Solutions to common problems that are encountered in the formation of shared collections will be presented. The tutorial will cover the following topics, at about 30 minutes per topic:
- Support for digital entities. Data Grids support registration of files, SQL command strings, URLs, database tables, file system directories, binary large objects in databases, and sensor data streams.
- Authentication and authorization. The approach that works best is based on trust virtualization, in which the shared collections owns the data, authenticates user access, and manages access controls for each registered object.
- Support for legacy data. This is handled through bulk registration of existing files into the logical name space. The existing directory structure and naming convention can be replicated into the logical collection.
- Support for bulk operations. Many collections are assembled from small files (less than 10 MBytes in size). Data grids support bulk manipulation of thousands of small files at a time. Thus small files are packed into a large buffer before sending and the small files are unpacked at the receiving site. Alternatively, small files can be aggregated into containers before storage in archives.
- Support for extensible schema. Each registered digital entity may be assigned unique metadata attributes, which may be structured in snow-flake schema (no cycles across the tables).

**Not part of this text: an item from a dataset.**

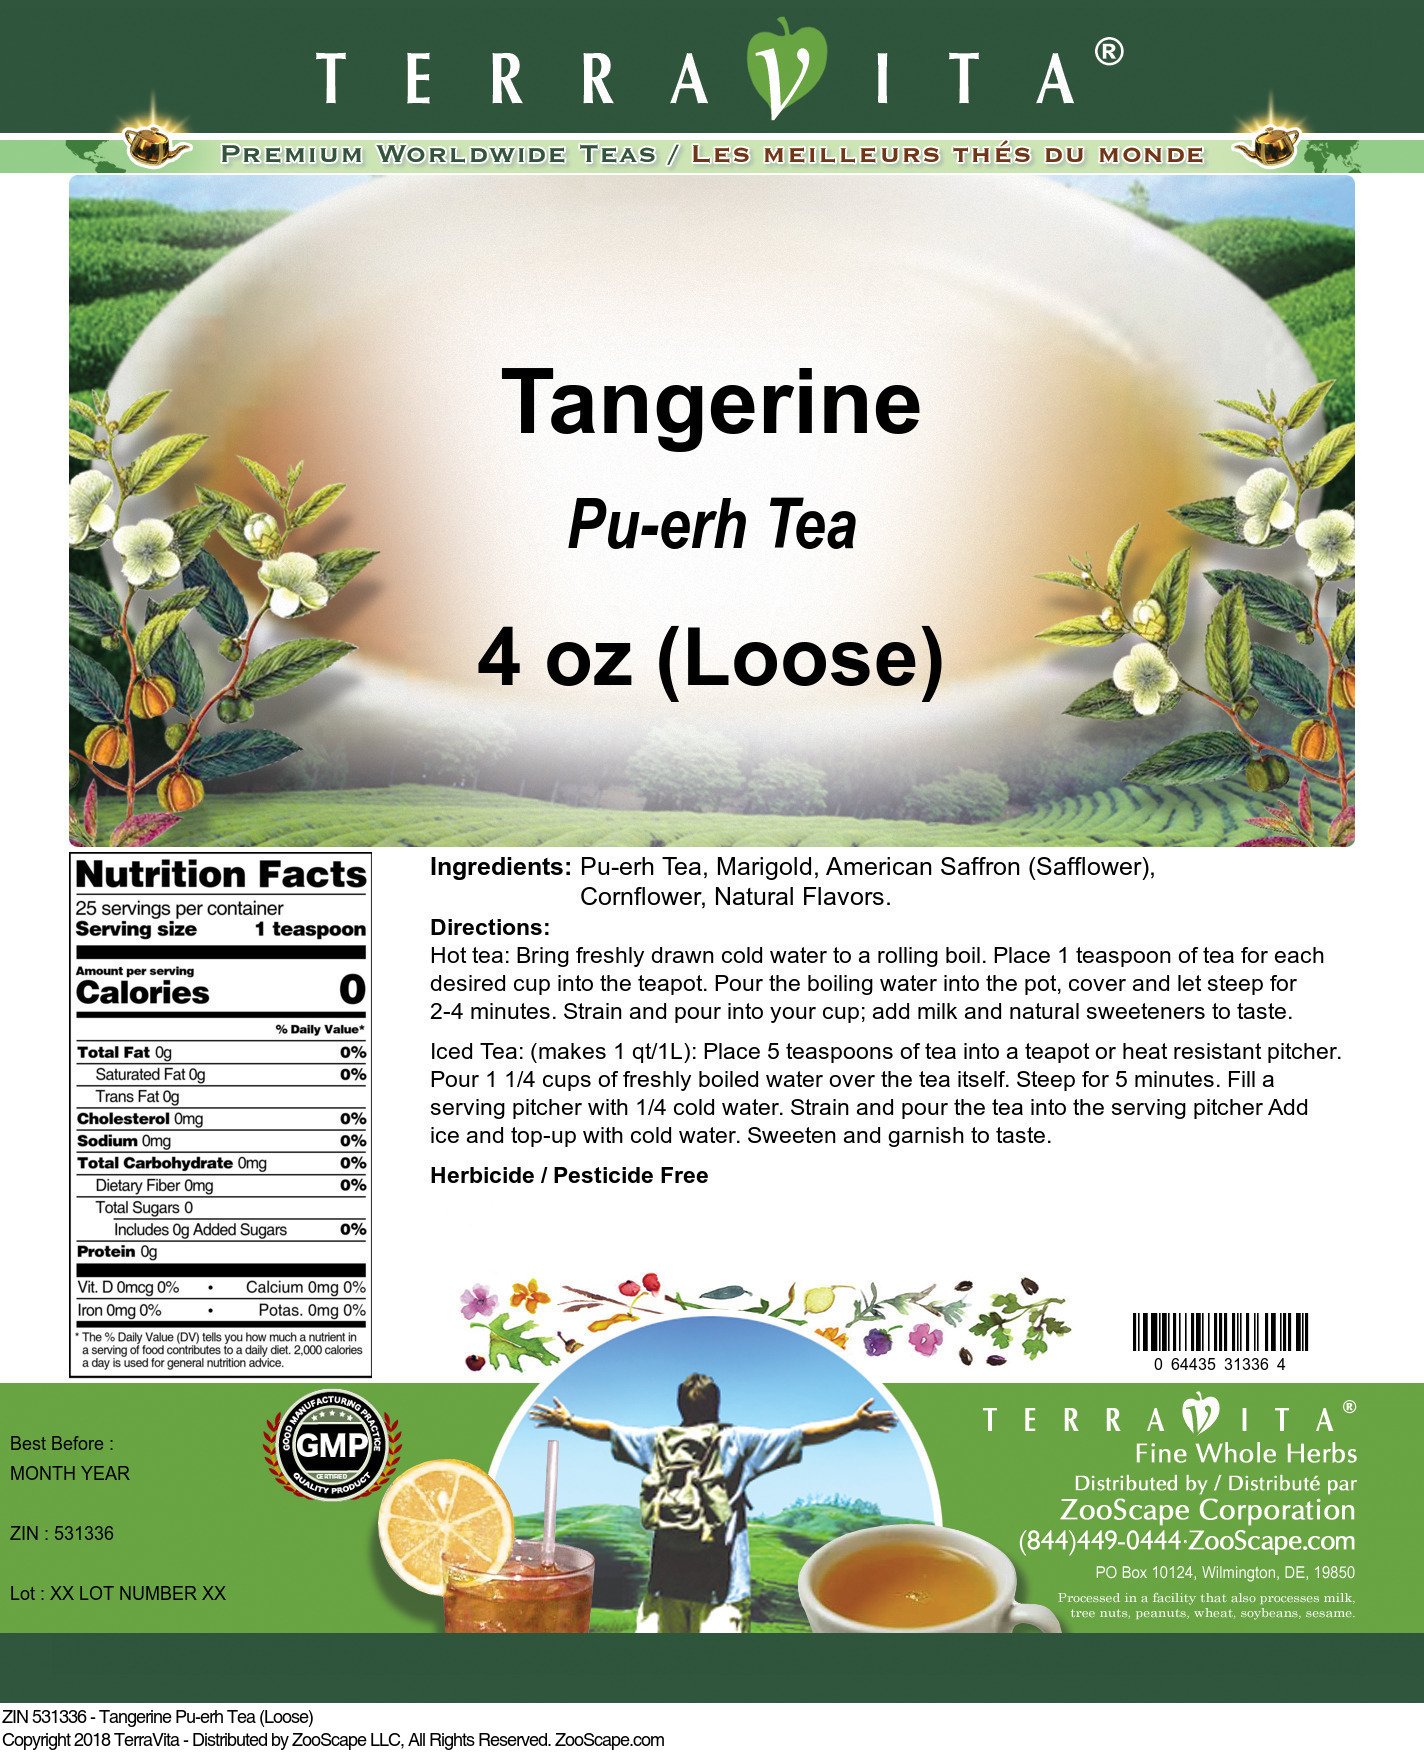 Tangerine Pu-erh Tea (Loose) - Label

- Support for user-preferred access mechanisms. Data Grids separate the interfaces for access mechanisms from the protocols required to interact with storage systems. This makes it possible to port very sophisticated interfaces on top of the shared collection. Examples include the DSpace and Fedora digital libraries, the Open Archives Initiative Protocol for Metadata Harvesting, WSDL services, web browser interfaces, etc.
- Federation of independent data grids. The logical name spaces used by each data grid can be shared or synchronized, under administrative control. Files and metadata can be copied between data grids. One can build peer-to-peer data grids, in which only public data is shared. One can build a central archive that holds copies of data from peer satellite data grids, or build a master-slave system, in which data is copied to remote data grids from a master data grid. Federations are used to improve interactivity in global data grids, provide high availability, and provide disaster recovery.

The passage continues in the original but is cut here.